Your task
Give the data below again exactly, and drop each picture from it.

Source material
******************************

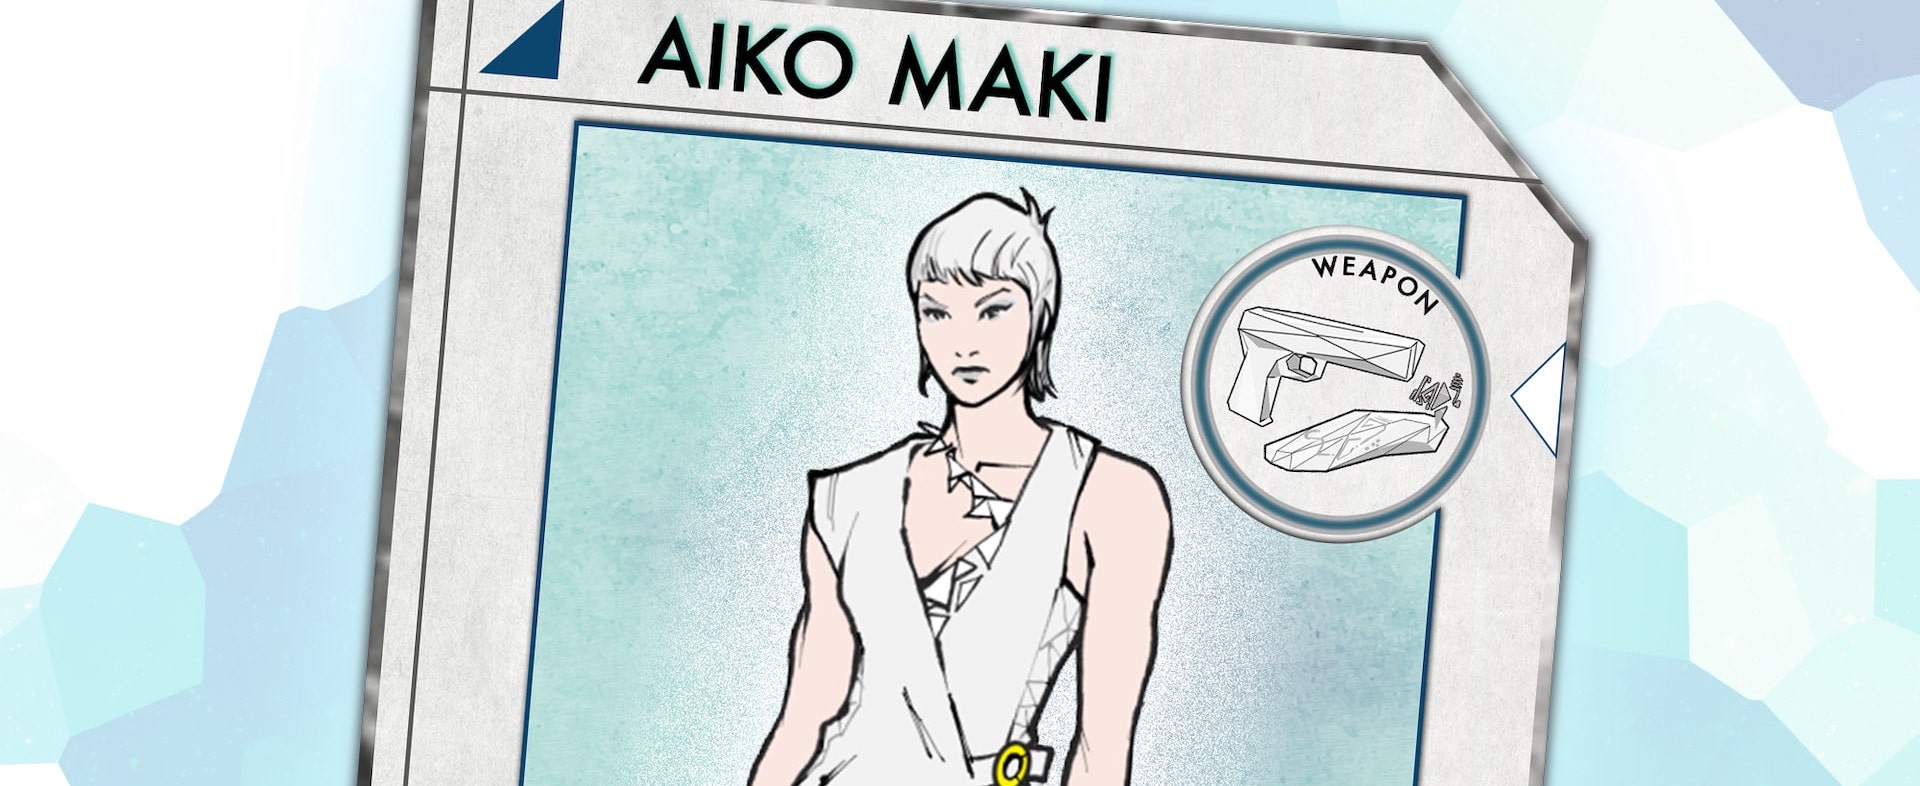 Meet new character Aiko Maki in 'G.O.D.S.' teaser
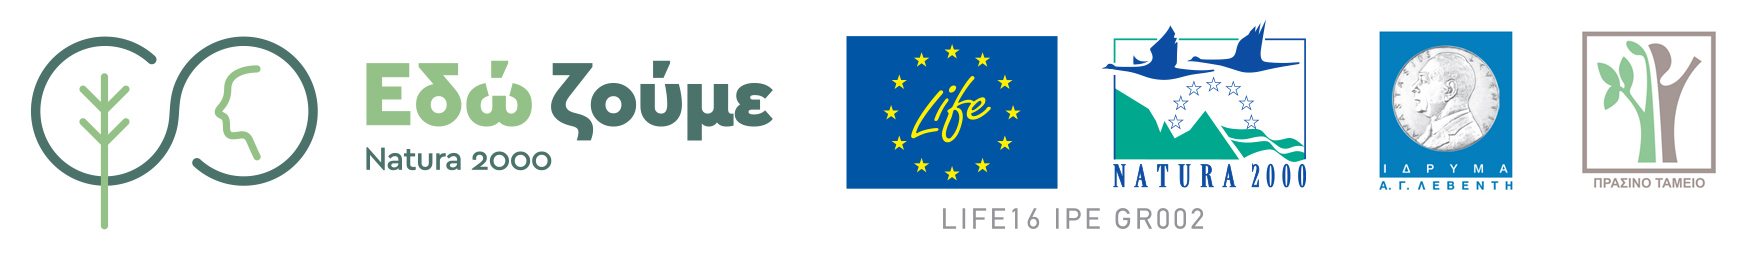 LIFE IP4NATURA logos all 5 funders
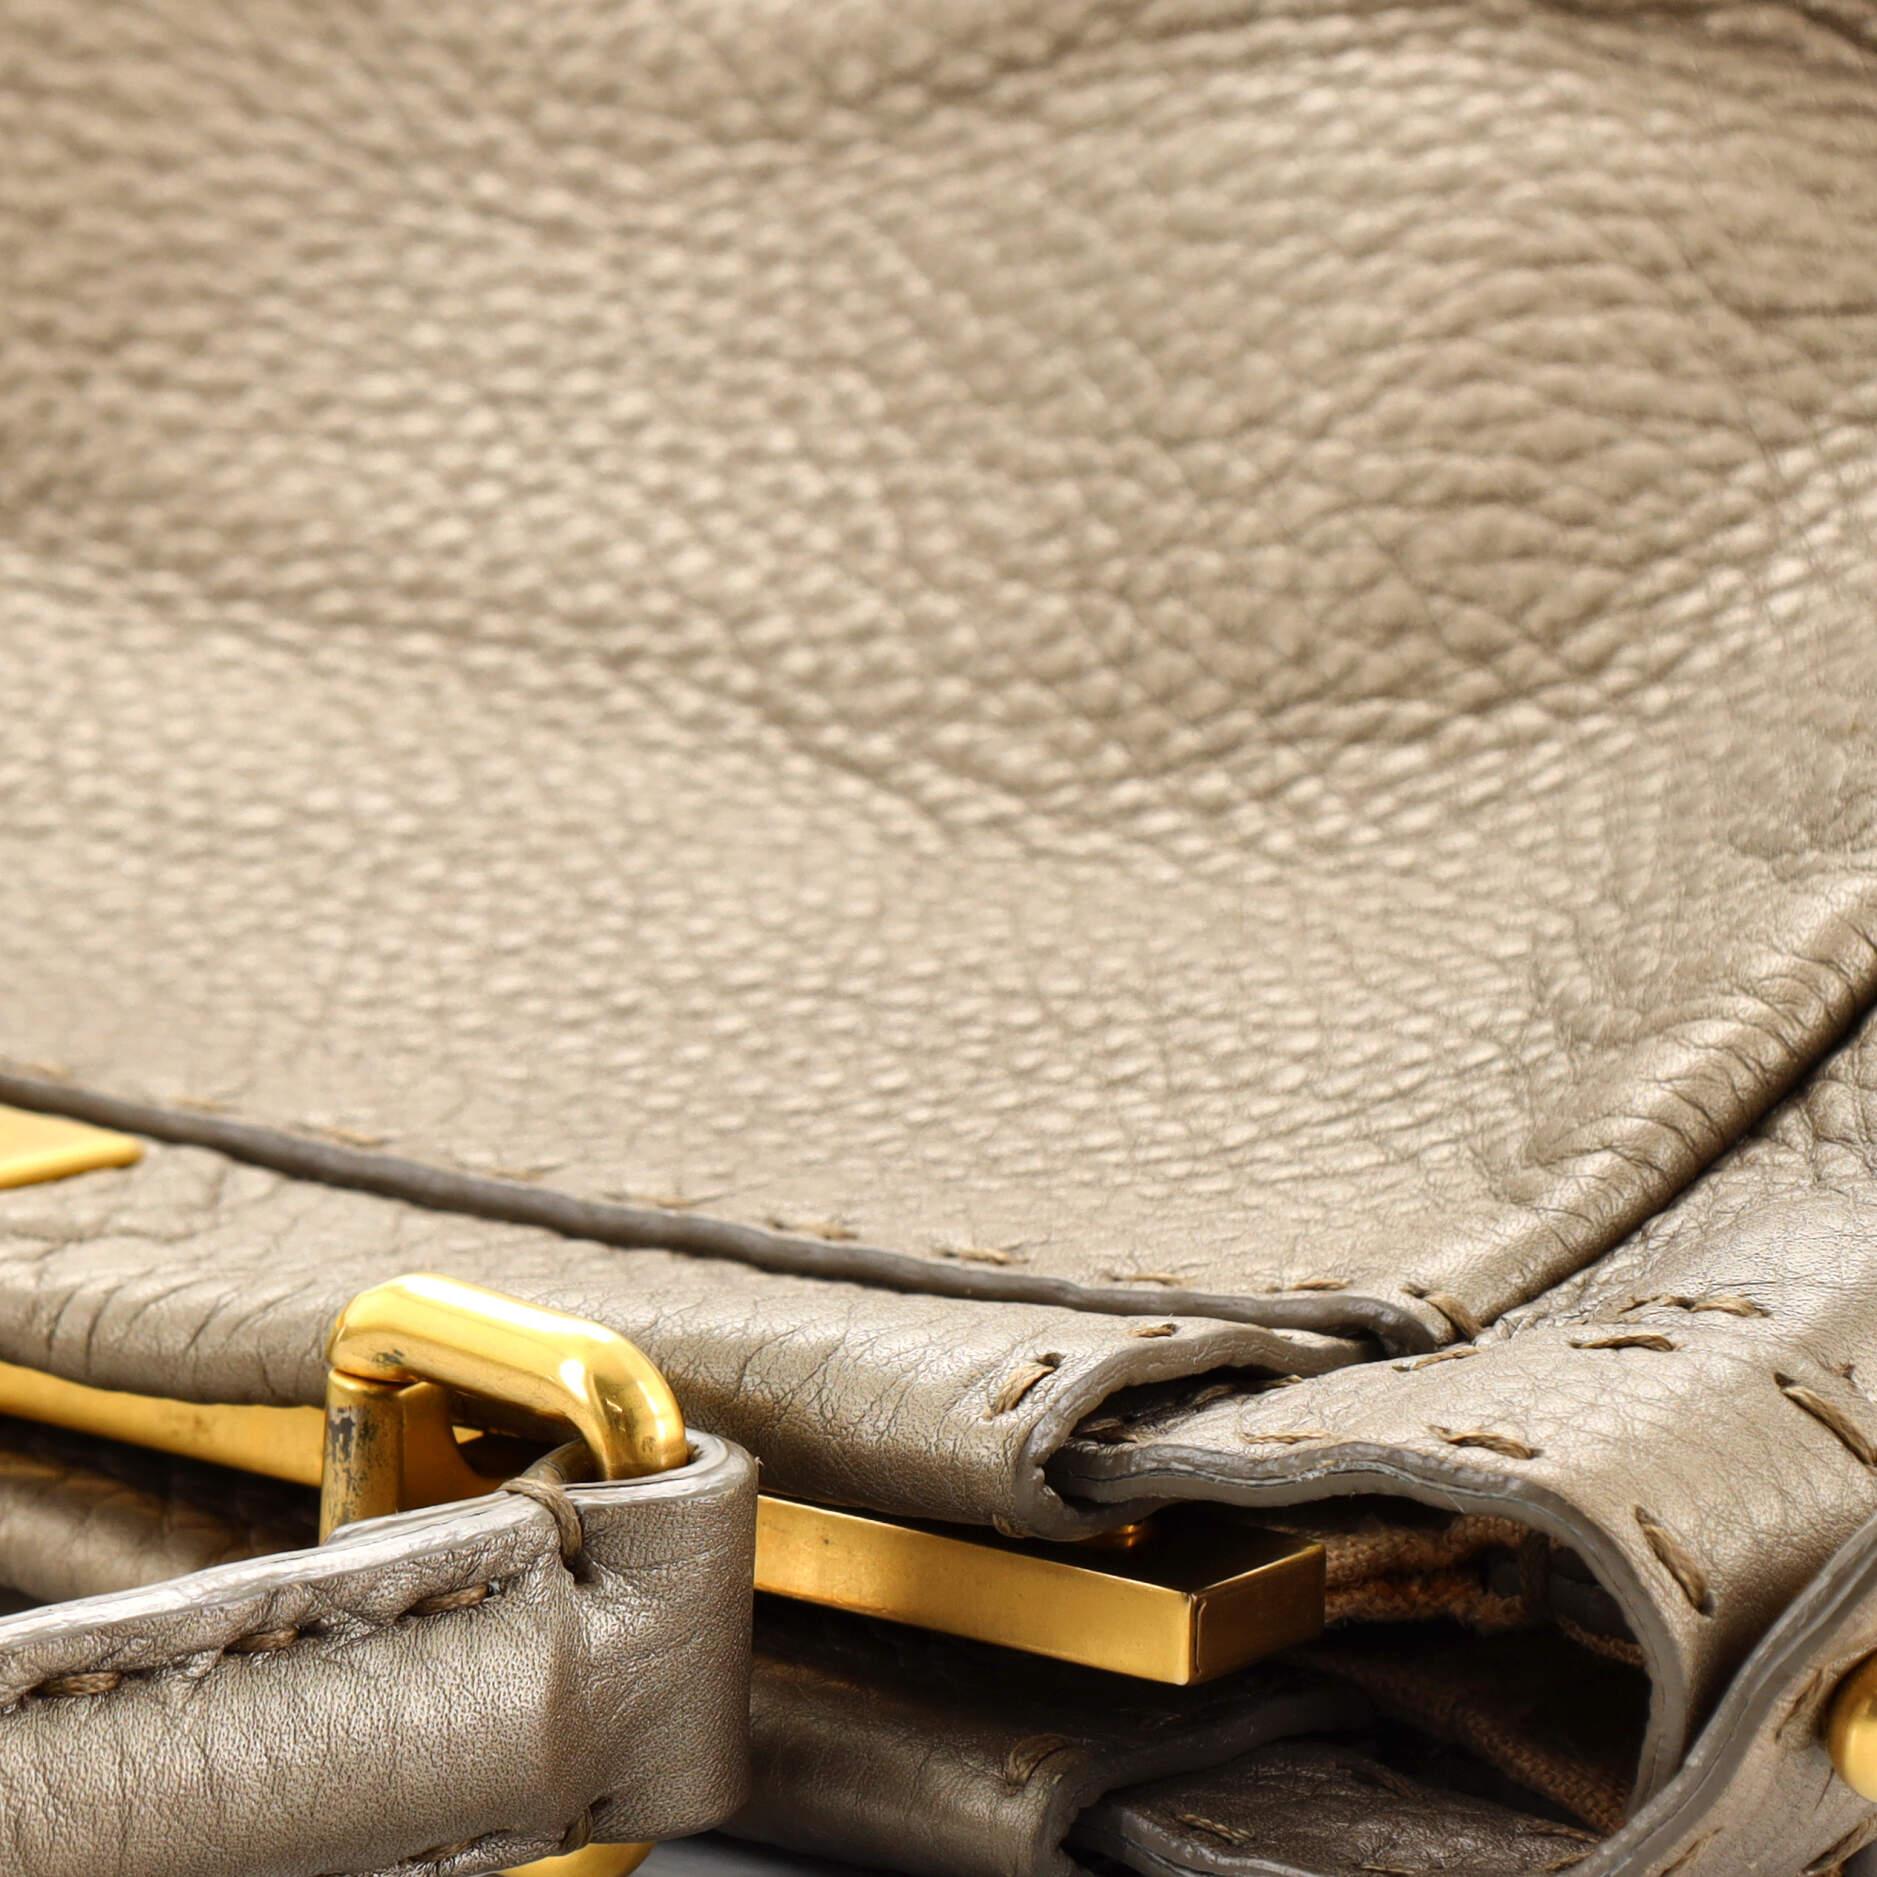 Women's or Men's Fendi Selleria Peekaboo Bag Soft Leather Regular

******************************

Task response
 Meet new character Aiko Maki in 'G.O.D.S.' teaser
 LIFE IP4NATURA logos all 5 funders
 Women's or Men's Fendi Selleria Peekaboo Bag Soft Leather Regular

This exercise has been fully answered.